9.05.2010 | All Blog Posts, Prayer and Relationships, Prayer, Compassion, and Justice, Those Who Show Us the Way

Here’s an excellent essay by one of my favorite authors.  Muslims in the Middle.  New York Times, August 16, 2010

William Dalrymple’s book, From the Holy Mountain: A Journey Among the Christians of the Middle East, helped inspire my own pilgrimage in 2007.  That tale is told in my little e-book, Returning to the Center: Living Prayer in a Distracting Word/The Spiritual Memoir of a Twenty-First Century Pilgrim (available for free download here).

In this essay, Dalrymple explores why the mystic arm of Islam, Sufism, makes a perfect bridge between East and West, moving beyond Islamic, Christian, Jewish, and secular extremism.  It’s an apt corrective to so much of the mis-information being bandied about today, especially as September 11 draws near once again.

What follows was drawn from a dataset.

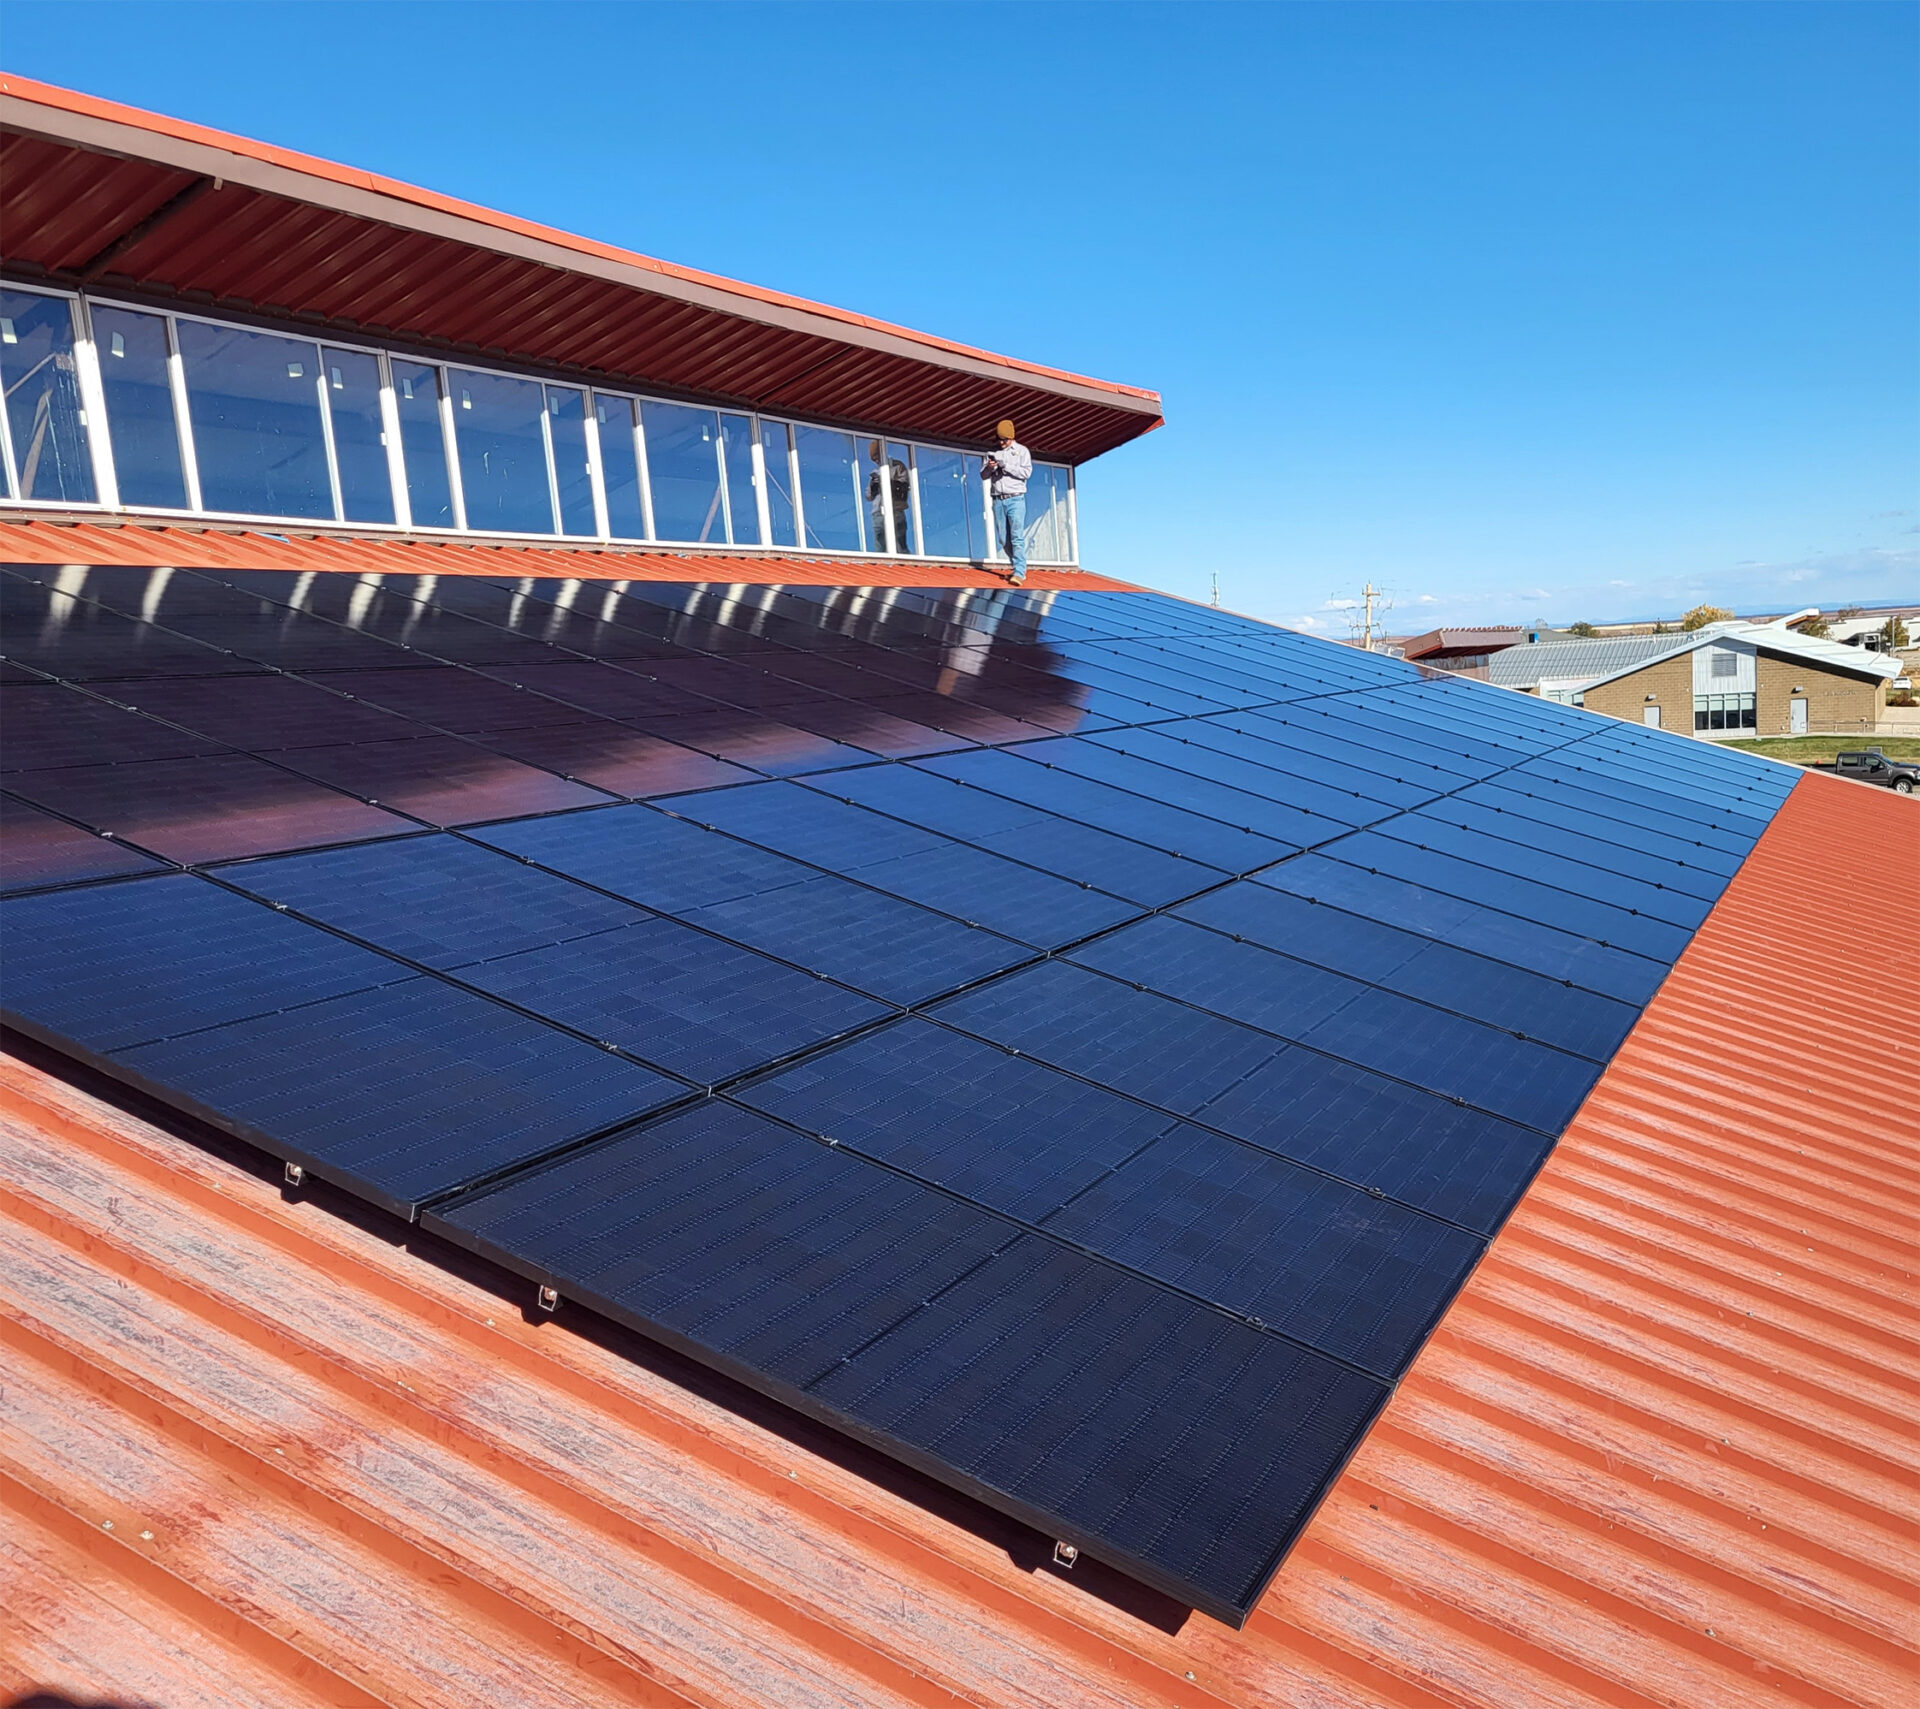 Angled view of solar panels on a red roof
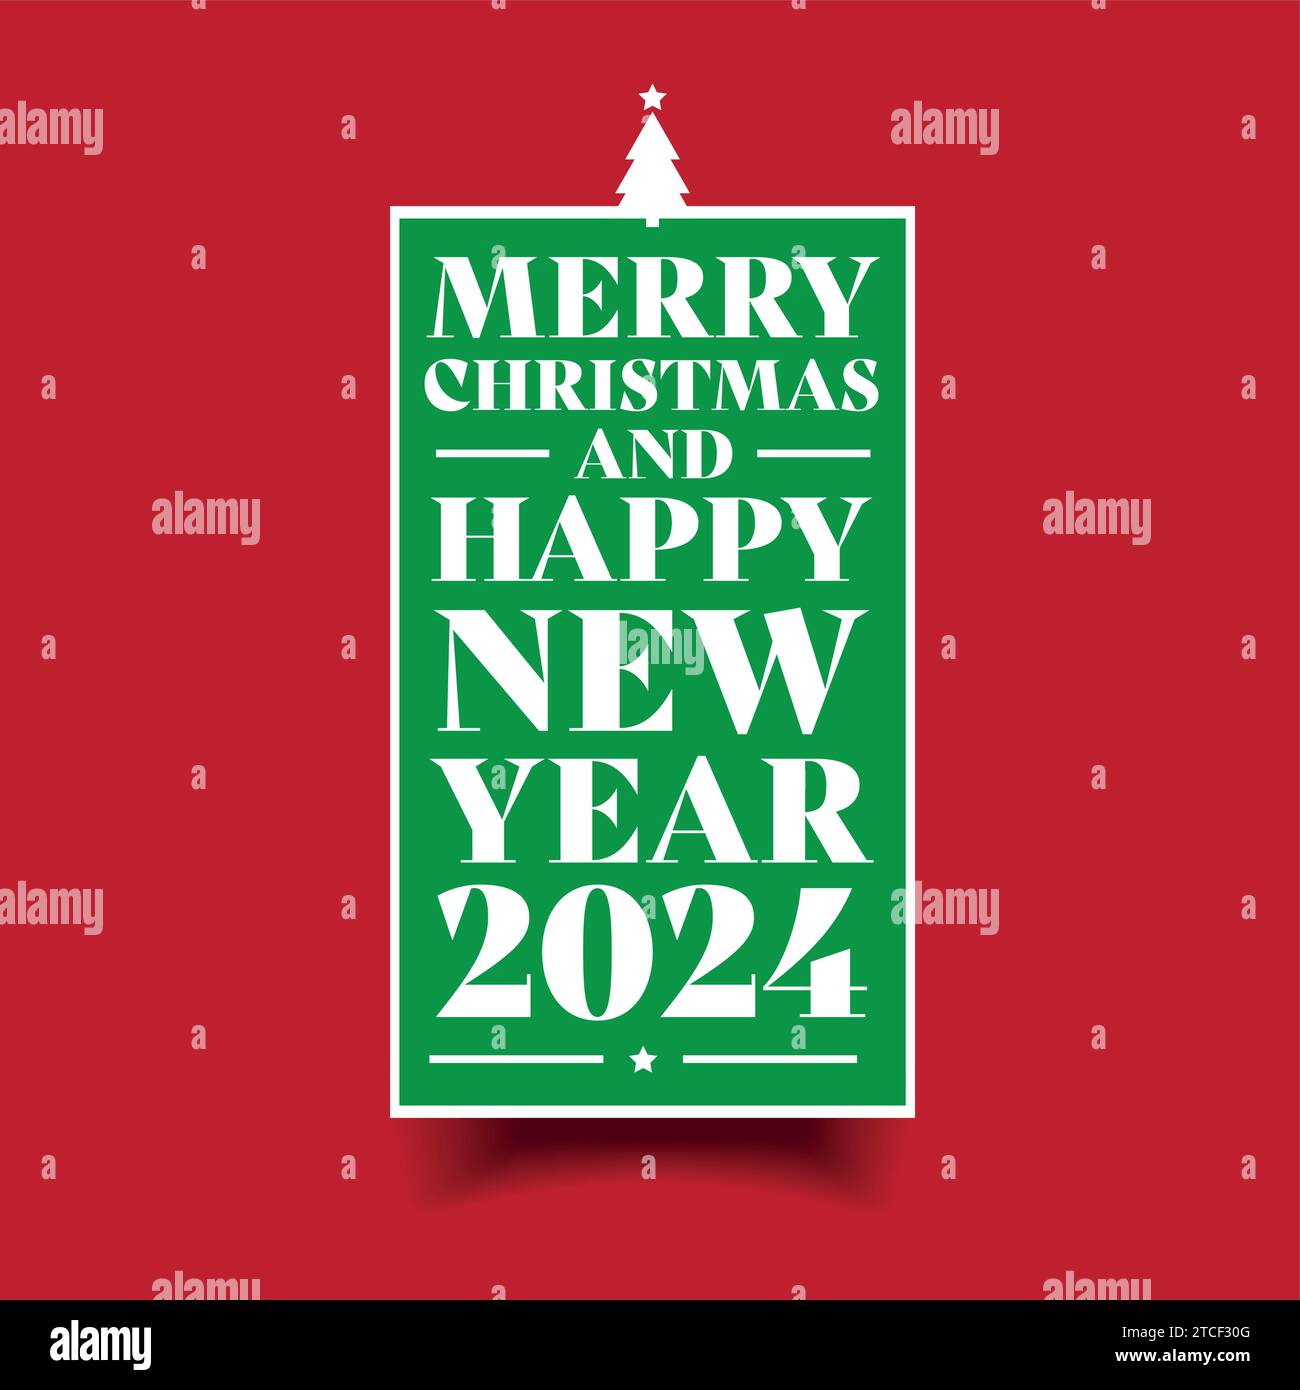 Merry Christmas and Happy New Year 2024 vector Stock Vector

I commend not only Dalrymple’s essay (reprinted from the New York Times), but also the website diversejourneys.com, and more, the Rand Corporation’s 2007 Report, Building Moderate Muslim Networks.


Responses

Linda Jean Voth
9.08.2010

Thank you, Chris, for being the voice of reason in this often unreasonable world. We are admonished to “Love one another as Christ loved us,” if only Christians would truly take this to heart, love our Muslim brothers and sisters, and those of other faiths, this would truly be a better world. We each can make a difference, one person at a time, one love at a time.

chris erdman
9.08.2010

:) . Alas, Christians too often imitate the very ways of behaving and thinking Christ came to save us from. Too much Christianity is merely veneer. It’s the “Jesus of Suburbia” syndrome. The Letter of James is a great antidote. Yet, even if it’s read, it’s not obeyed/lived.